A dysfunctional city government that makes everything difficult

Published: August 9, 2012 

There is something in the human psyche that strives to keep memories alive. We have memorialized events such as the attack on Pearl Harbor that occurred Dec. 7, 1941 or the “Field of Empty Chairs” part of the Oklahoma City National Memorial commemorating the assault on the Alfred P. Murrah Federal Building in Oklahoma City in 1995. We commemorate the lives of the famous and not so famous with statues and plaques on buildings. We memorialize troops we’ve sent off to war never to return with trees, such the 443 that line Fort Stewarts’ “Warriors Walk,” one for each 3rd ID soldier lost in battle. But there are small, more personal memorials as well, from brass plaques at the bottom of trees at Central City Park to one set in stone at Healy Point marking the area in Jones County where the famous Healy family originated.
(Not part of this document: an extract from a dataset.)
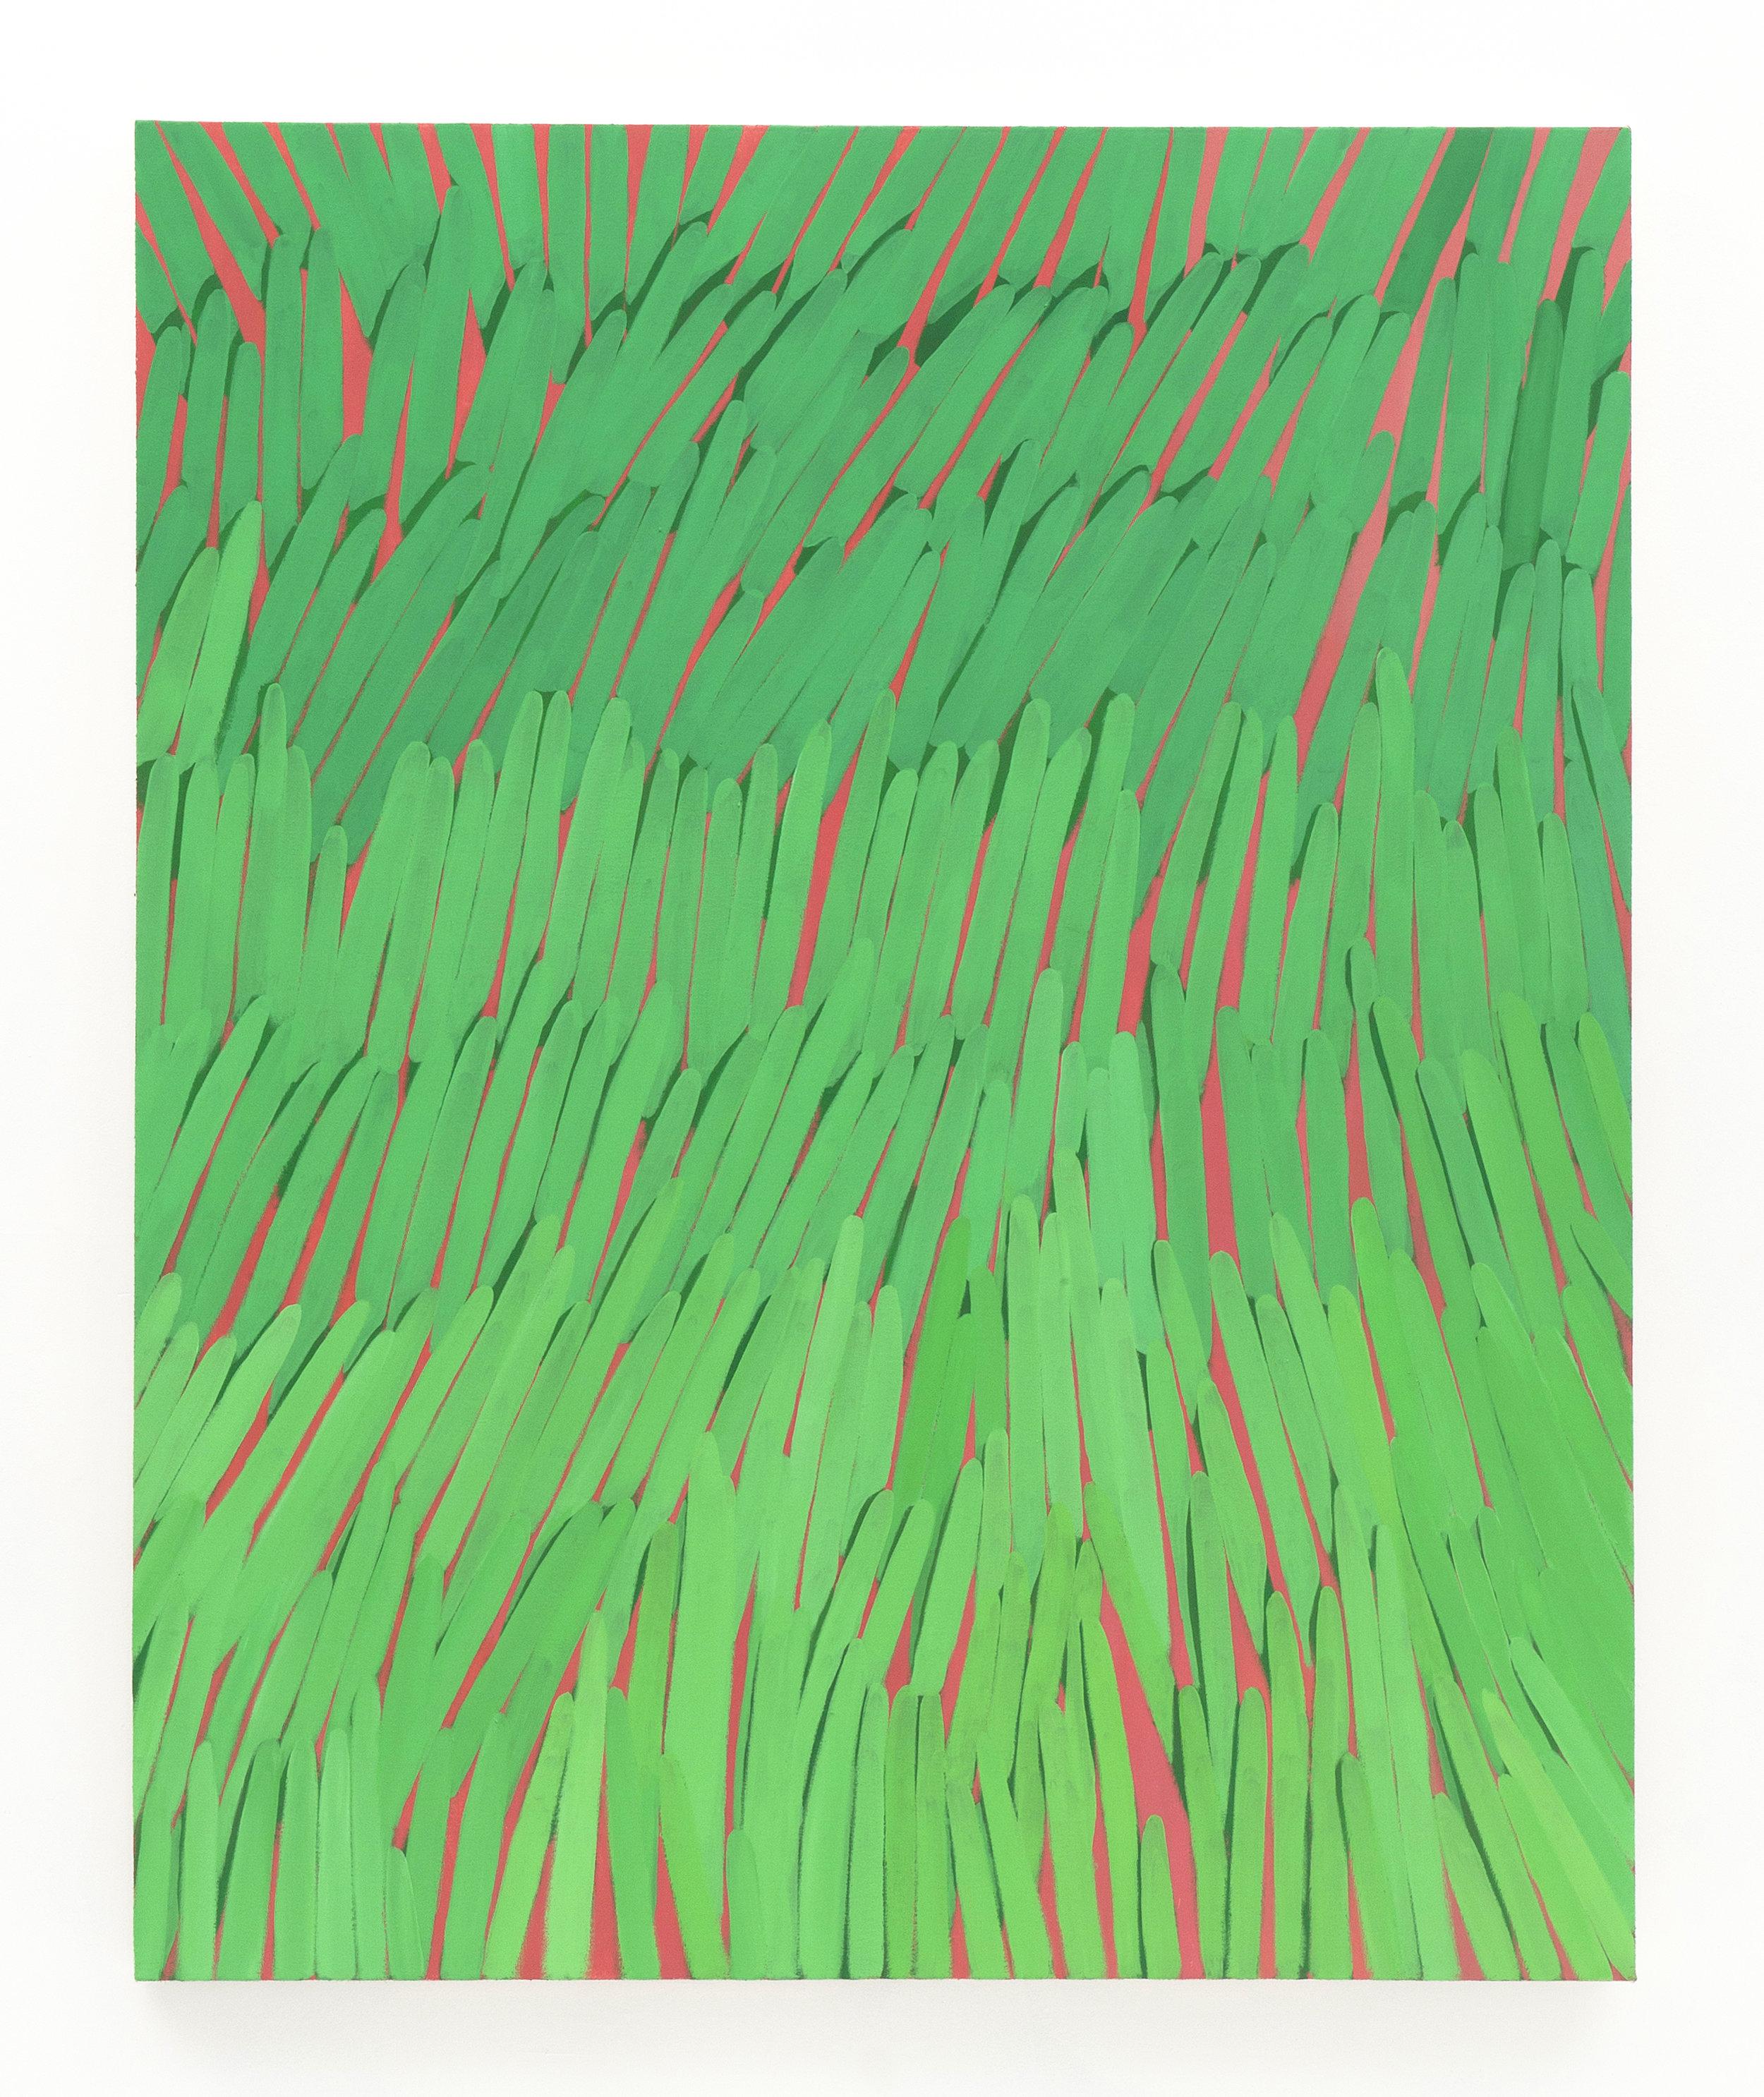 "Corydon Cowansage  Grass #43, 2015 acrylic on canvas, 50 x 40"""

Macon City Council finally gave approval to a memorial bench to commemorate the life of Mercer Law graduate Lauren Giddings. While this community will always remember her tragic death and the circumstances that surrounded it, her friends wanted to remember her life. It was a simple request to locate the bench in Washington Park, a place dear to Giddings and her friends, paid for by private donations.

Unfortunately, the effort was caught in the undertow of race and class that too many times clouds almost any issue. Some believe Giddings’ murder was handled differently than other killings of African Americans. That she was getting the attention because she was white, blond and well educated. Others complained that other victims’ families could not afford such a memorial and some on council extrapolated that if this request were granted, a deluge of requests would follow. If that were to happen, so what? We have plenty of available space. All council had to do, and what it eventually did with the help of Councilman Frank Tompkins, is come up with some guidelines for such memorials. In the meantime, some on council added another notch on the dysfunctional handle of the gun that it uses to shoot itself in the foot.